Children in Kenya helping prepare cowpeas and leaves for the main meal of the day.
Photo: © FAO/Luis Tato

Stepping up the fight against child wasting

Child wasting is a major health problem with life-long consequences, not just in terms of well-being but also human capital, economic development, prosperity and social equity. With a new action plan, FAO wants to scale up efforts to tackle child wasting.

In November 2022, the Food and Agriculture Organization of the United Nations (FAO) launched a new child wasting prevention action plan. Enhancing nutrition in emergency agriculture responses and building resilience in the most vulnerable populations can break the vicious cycle of distress that underlies child wasting, FAO says.

Child wasting persists at alarming rates. In 2020, 47 million children were wasted. The lingering effects of the COVID-19 pandemic shutdowns – and now the food and fuel price crisis – are exacerbating the situation, worsening poverty, food insecurity and malnutrition for millions of people.

FAO has committed to ensuring that infants are breastfed and that children have access to an adequate and diverse diet in the first years of their lives. It wants to do this by supporting agrifood systems that provide healthy and nutritious food to meet the needs of children and women.

To implement the plan, FAO needs USD 500 million between 2023 and 2024 to assist one million households in the 15 most-affected countries. These countries are home to 27 million children in severe food insecurity and at high risk of becoming wasted. They are: Afghanistan, Burkina Faso, Chad, Democratic Republic of the Congo, Ethiopia, Haiti, Kenya, Madagascar, Mali, the Niger, Nigeria, Somalia, South Sudan, the Sudan and Yemen.

FAO’s action plan will deliver three key outputs:

  • Agrifood system interventions to prevent child wasting will be scaled up. FAO will focus on small-scale farming and home gardening, small animal husbandry, food and nutrition education (including support for breastfeeding, and infant and young child feeding), food safety measures (including animal treatment, food handling, storage and minimal processing), and cash-based interventions such as cash+.
     
  • Skills and knowledge on gender-sensitive and nutritious production will be enhanced. To maximise the nutritional impact, FAO’s response will promote the production and consumption of nutrient rich crops and high nutritious livestock products (iron, vitamins A and C, zinc), which also provide energy and protein. Support will be given to a combination of productive and income-generating activities in order to diversify livelihoods, provide more regular sources of income, and protect and develop productive assets in rural areas.
     
  • Food security analysis, coordination and information management will be ensured. The constant monitoring of the food security situation and the integration of food and dietary data is key to understanding the risk factors of child wasting and supporting and evaluating tailored preventive strategies. 

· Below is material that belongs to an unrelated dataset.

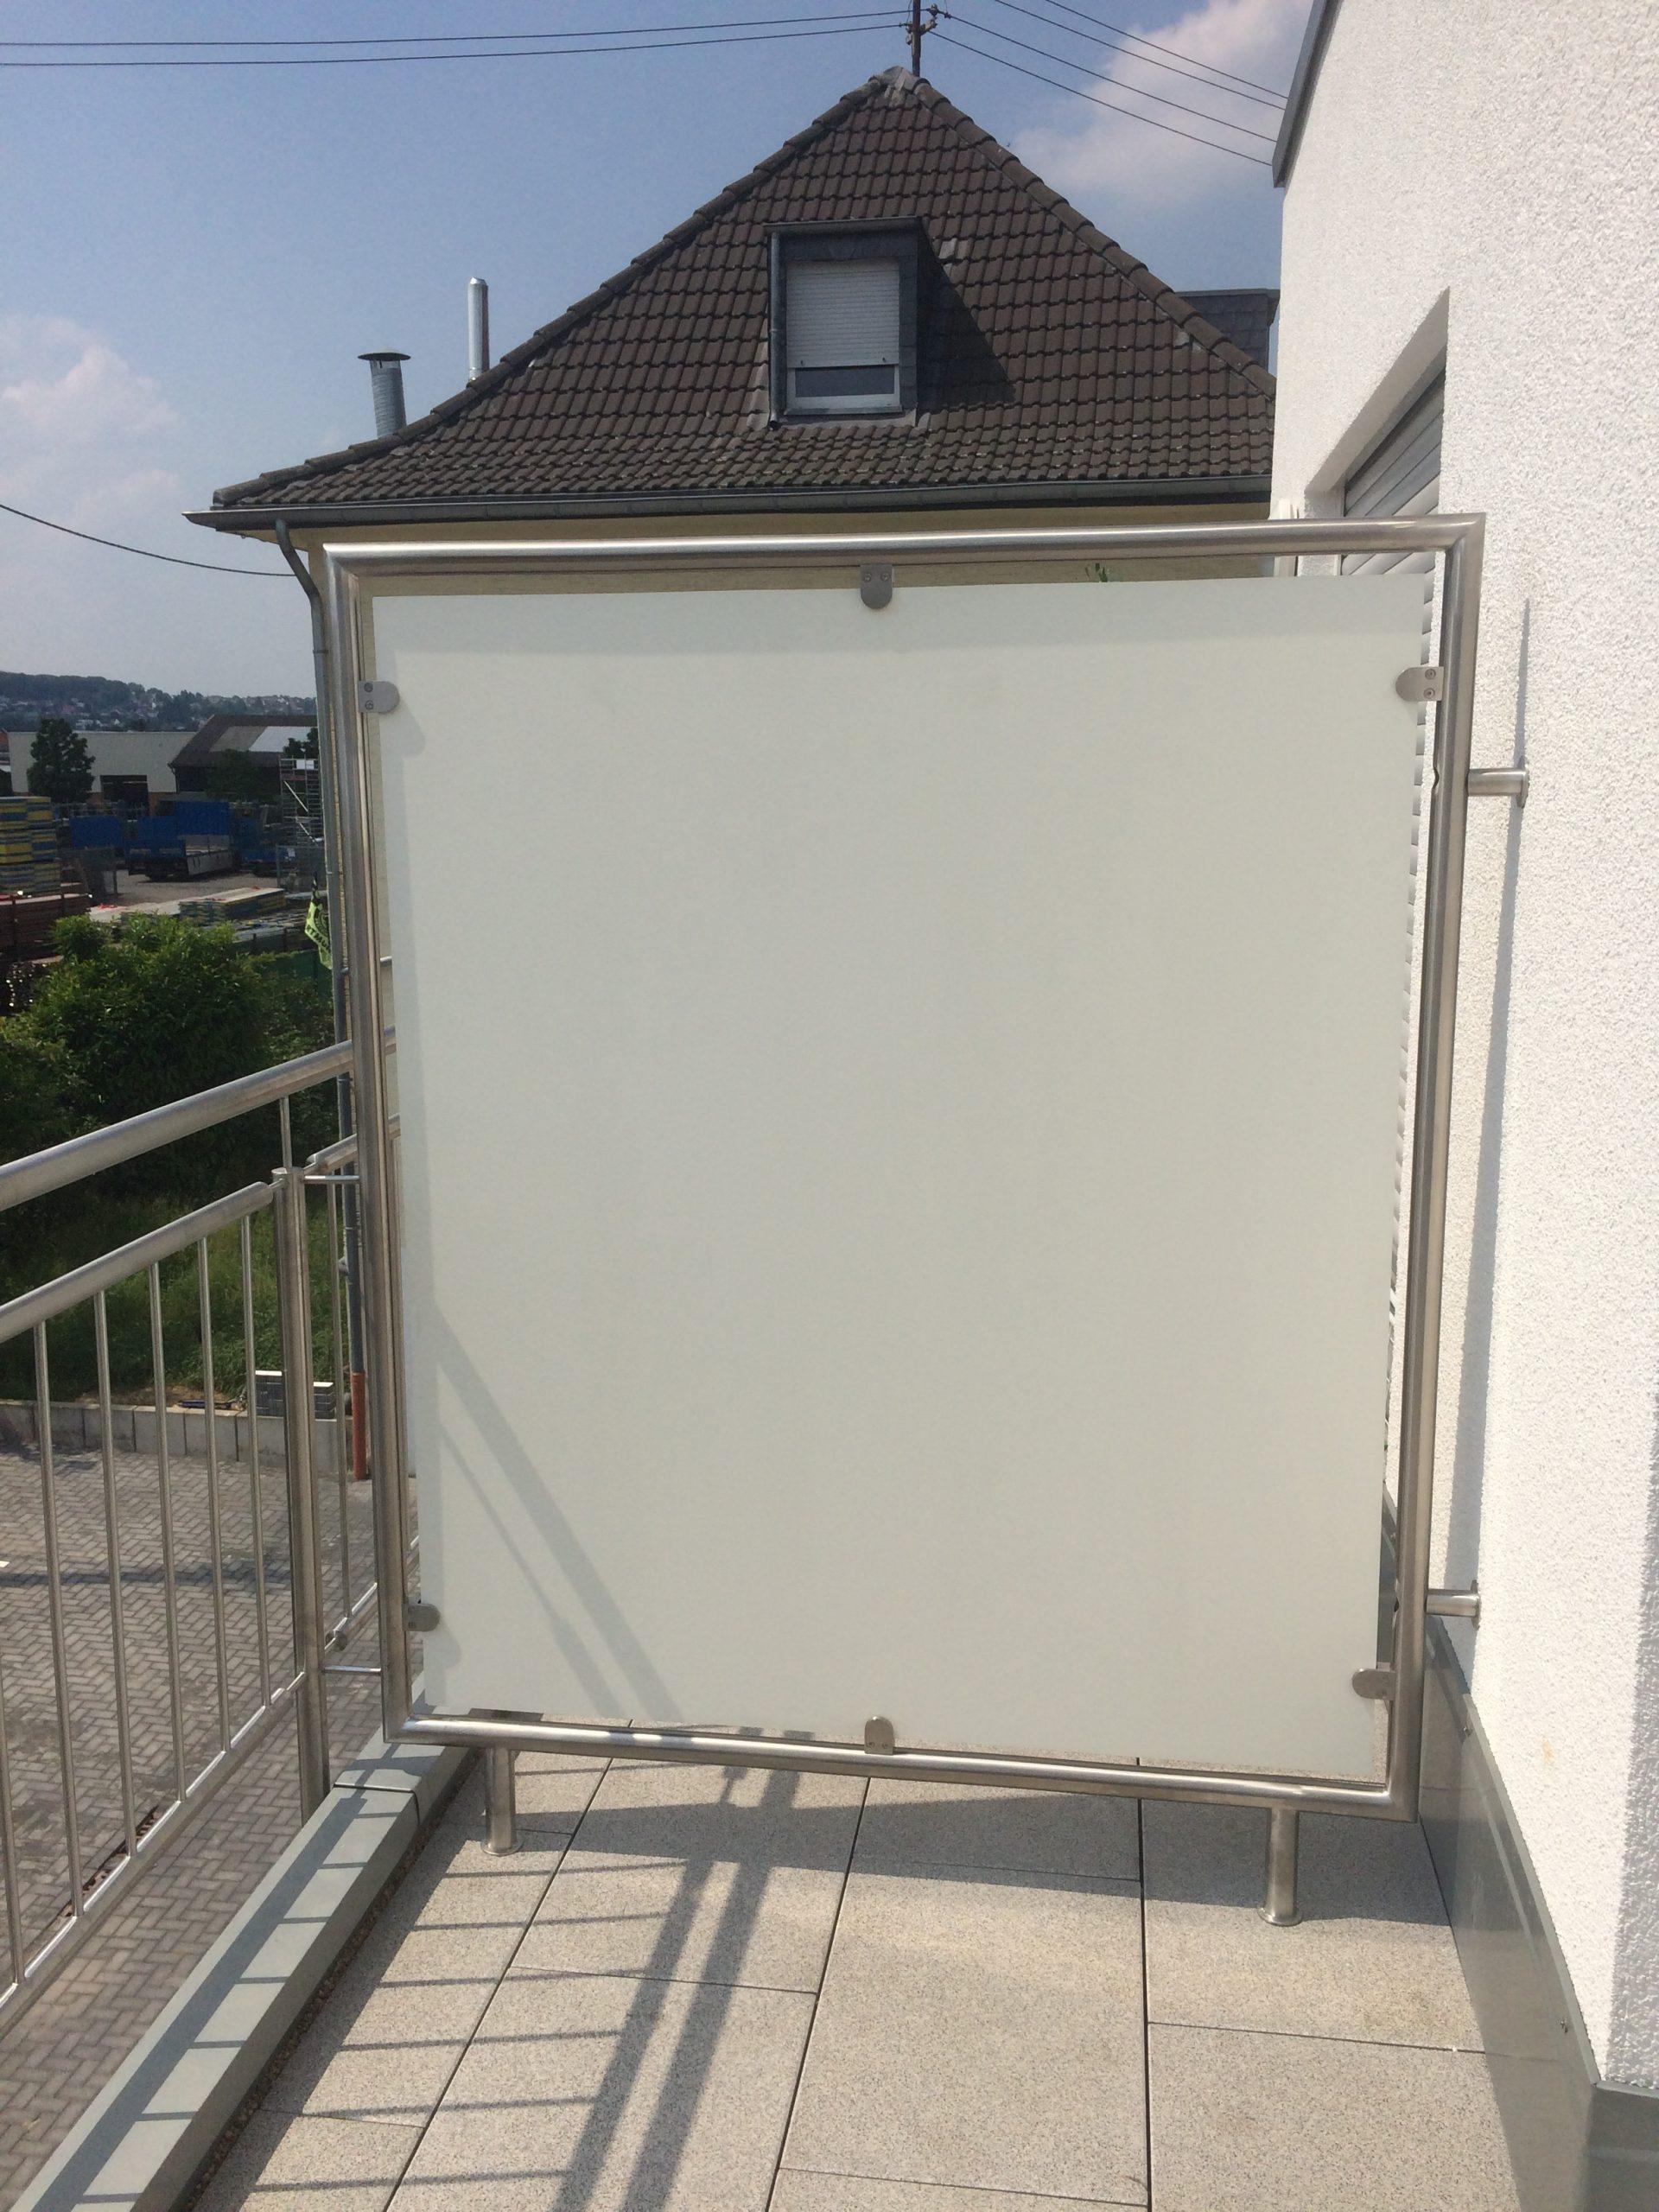 Full Size of Trennwand Balkon Edelstahlgelnder Va Prinz Metallbau Gmbh Garten Glastrennwand Dusche Wohnzimmer Trennwand Balkon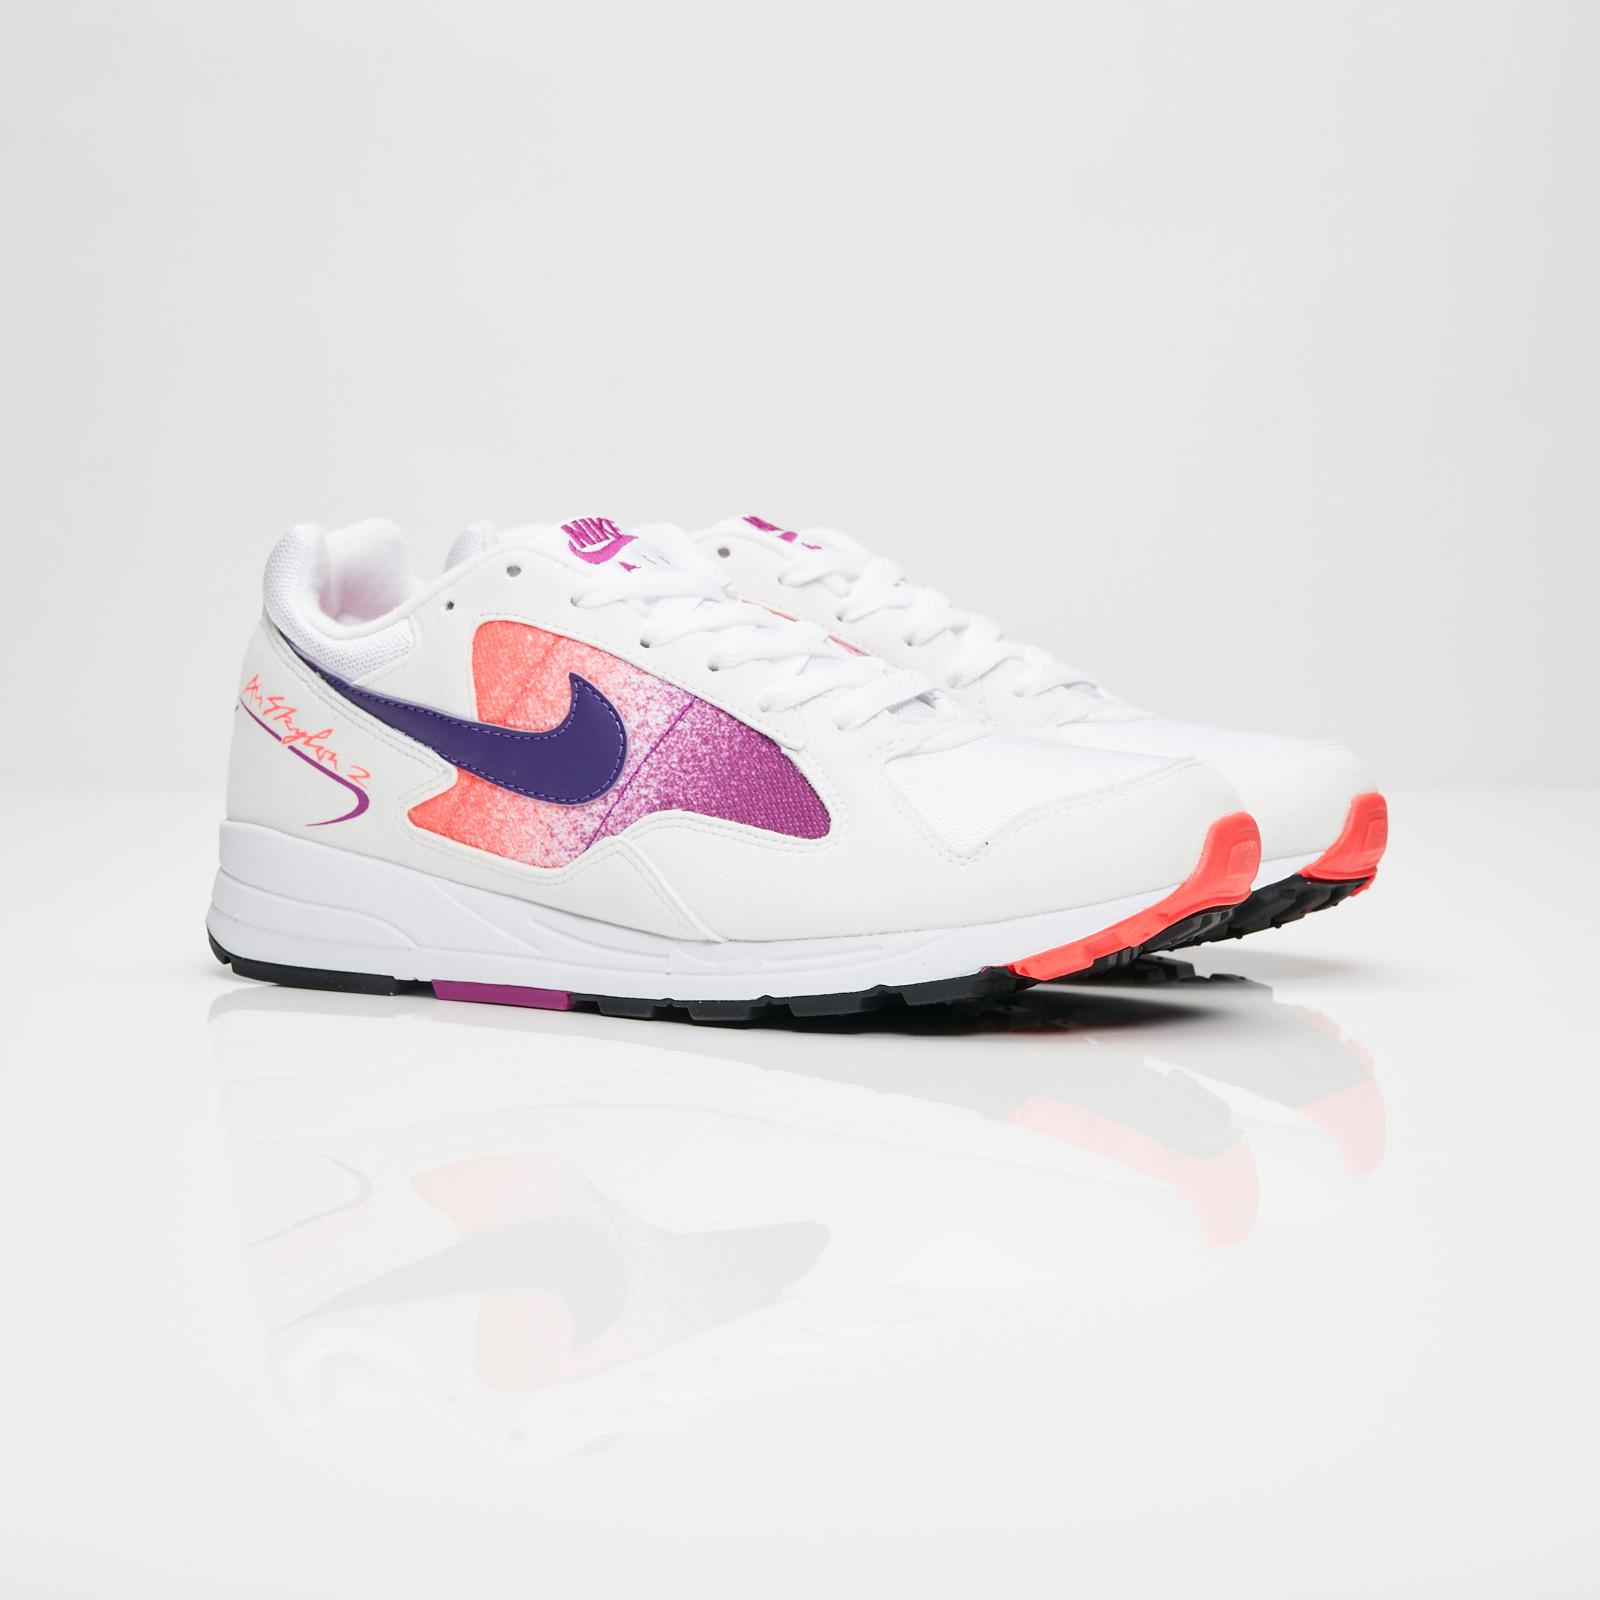 competitive price 1f6e9 ecf4f Nike Sportswear Air Skylon II

This strategic approach will be implemented in close collaboration and coordination with national governments and the United Nations agencies and partners.

The new plan of action will contribute to the Global Action Plan on Child Wasting, commissioned by the Secretary-General of the United Nations, António Guterres, in 2019. The plan brought together five UN agencies: FAO, the Office of the High Commissioner for Refugees (UNHCR), the United Nations Children’s Fund (UNICEF), the World Food Programme (WFP) and the World Health Organization (WHO).